At the edge of the icy gutter, Fitzgerald knelt carefully and peered over the edge, senses swimming. He was unaccustomed to the eerie pitch, the irregular angles of this view of the world; he drew back, and waited for his head to steady.

“It’s a sheer drop.”

Georgie’s teeth were chattering with cold and tension, but she had retrieved her bag of surgical tools. “I refuse to retrace my steps. I will not walk past that man. I’m a doctor, Patrick—to leave him in that condition, in this weather, knowing what the result might be—”

“Your scruples do you credit,” Fitzgerald said dryly. “His men would be waiting for us inside, in any case. Georgie, that fellow called me a Paddy.”

“It’s hardly the first time someone has.”

“That’s not what I mean. I hadn’t spoken yet—he had no thought for my accent—and it’s faint enough after all these years. He came looking for an Irishman. He was sent here. By whom?”

“He probably followed you from Great Ormond Street.” She brushed the sleet from her cheek impatiently. “No doubt these people are watching Septimus’s house—to learn whether he dies.”

It was possible, Fitzgerald owned. And yet—

He glanced back, afraid of what he might see coming through the broken window, and said suddenly, “Would it cheer you to know, Georgiana, that our friends from the garret are already picking your man’s pockets?”

She turned swiftly, saw the clutch of women and children hunkered around the body. “Without even pausing to know if he’s dead or alive?”

“You might check his pulse yourself.” Fitzgerald rose and brushed fragments of ice and slate from his trousers. “That lot would never be out here unless the gang had fled. Which means we can go home in peace.”

Chapter Twelve

“You think von Stühlen is behind these attacks,” Georgiana said. “That’s why you inquired about him.”

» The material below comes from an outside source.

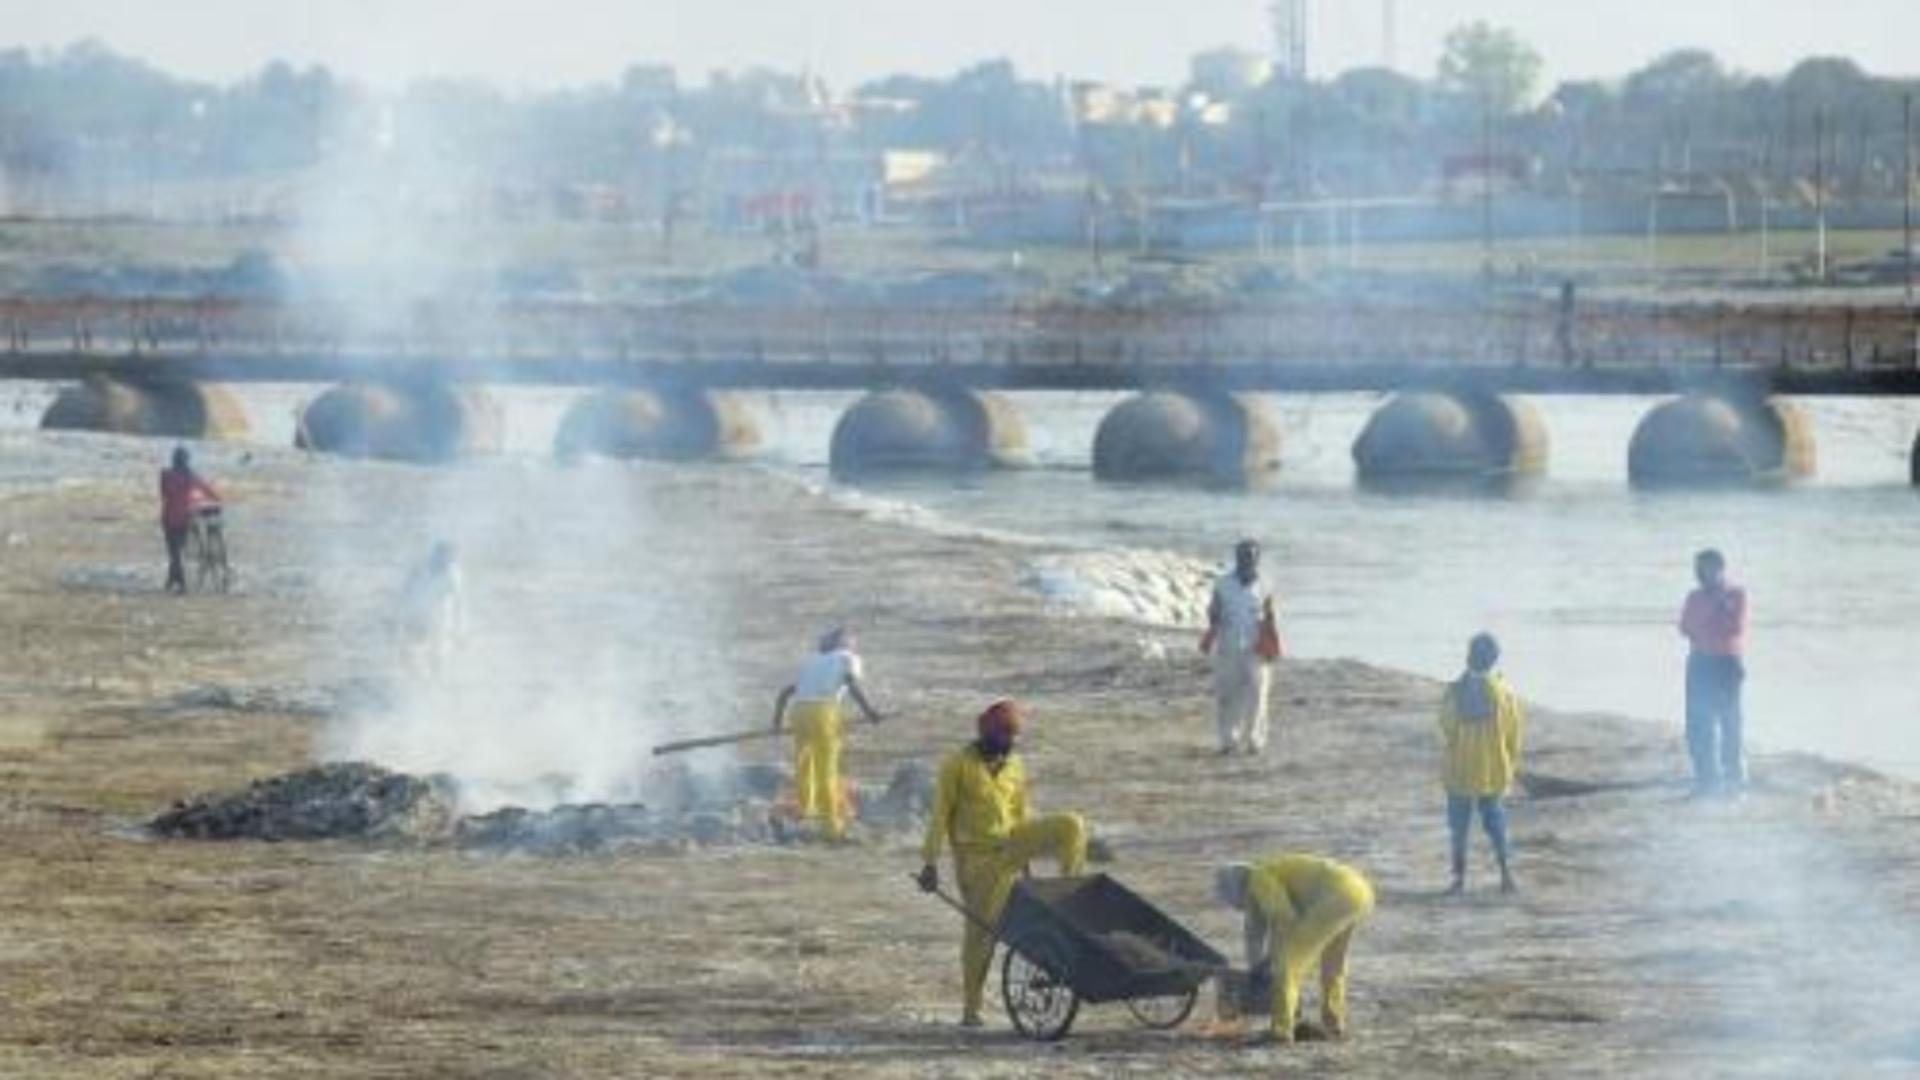 Fluviul Gange - acoperit de o plasă după descoperirea mai multor cadavre suspecte de COVID-19 Foto: Twitter.com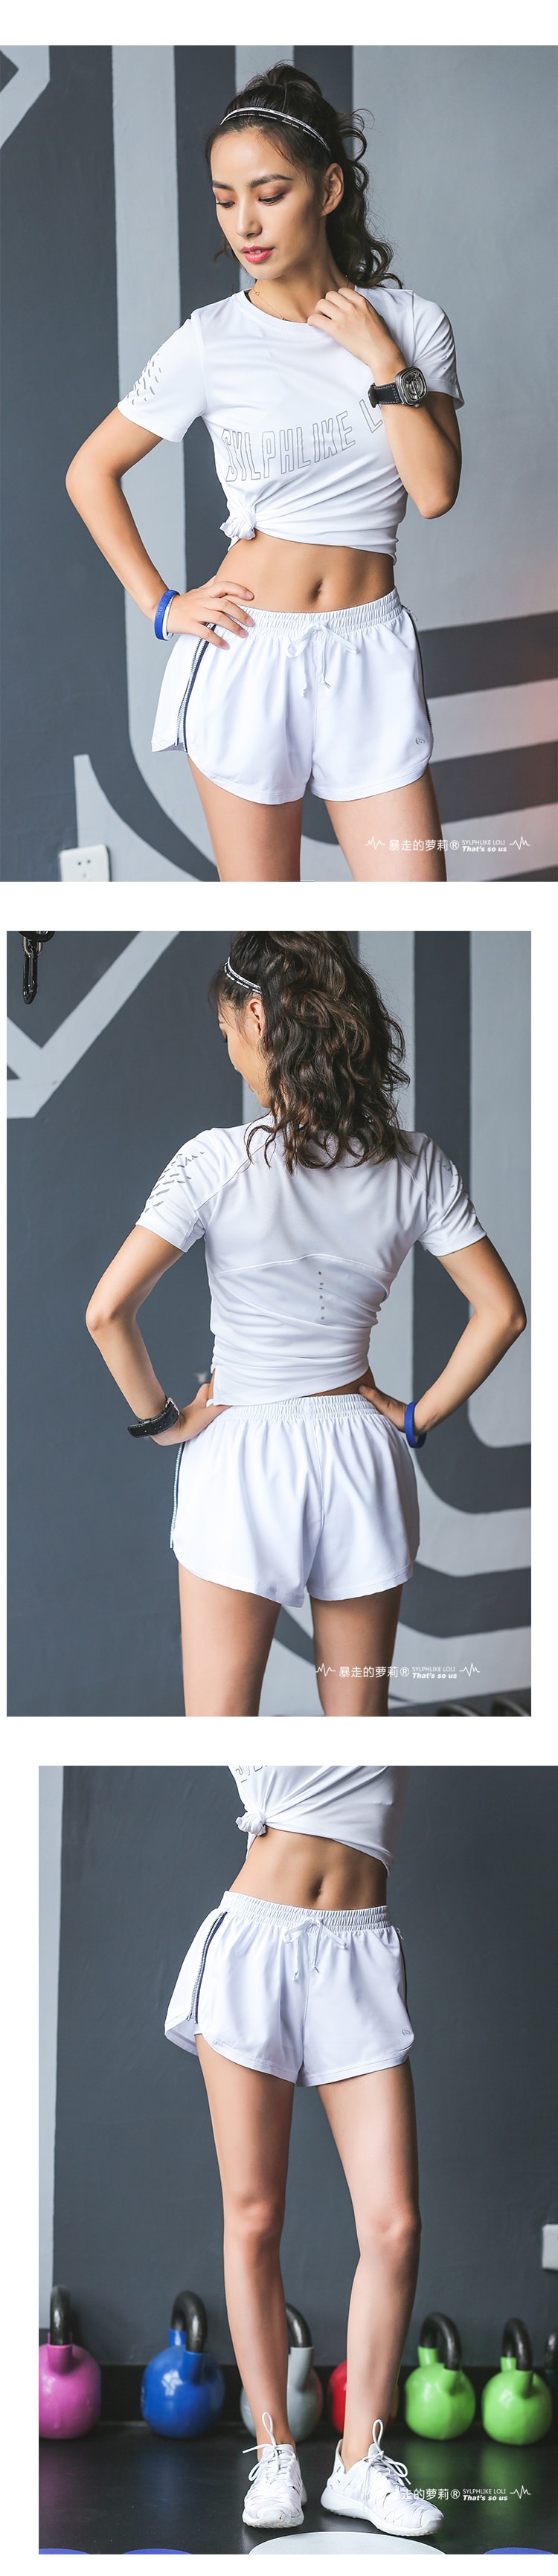 中国直邮 暴走的萝莉 运动防走光短裤 宽松速干跑步健身瑜伽 /芝麻黑#/S

They had retraced their steps through the tenement building without a further glimpse of the murderous pack. A swift walk up St. Giles to the hackney stand in Covent Garden, both of them unsteady from relief and fatigue. The early dusk of December fell swiftly, and the temperature had dropped as the afternoon waned. Georgiana shivered uncontrollably in her soaked gown, and Fitzgerald thought it imperative to get her home as soon as he could. Her gloves were torn and her hair sliding out of the bandage; they had not stopped to inquire of Button Nance where her bonnet had gone. She looked, in short, uncharacteristically slatternly. Fitzgerald looked as careless as always—but he'd lost his topper.

The sole cabbie lingering at the stand was more interested in the sight of their money, however, than the state of their clothes. Fitzgerald did not respond to Georgiana's remark until the lap robe was tucked over her knees and the reins snapped over the horse's back.

Bells still rang throughout London for Albert's passing, a dull monotony after all these hours; lengths of black crepe had appeared on door knockers and window fronts. Shops in Henrietta Street, Fitzgerald noticed, already sported black mourning shutters—which were closed, like the premises. There would be a considerable loss of custom in the weeks running up to Christmas, except among the linendraper firms—everyone, even the children of the lowliest clerk, would go into blacks for at least a month.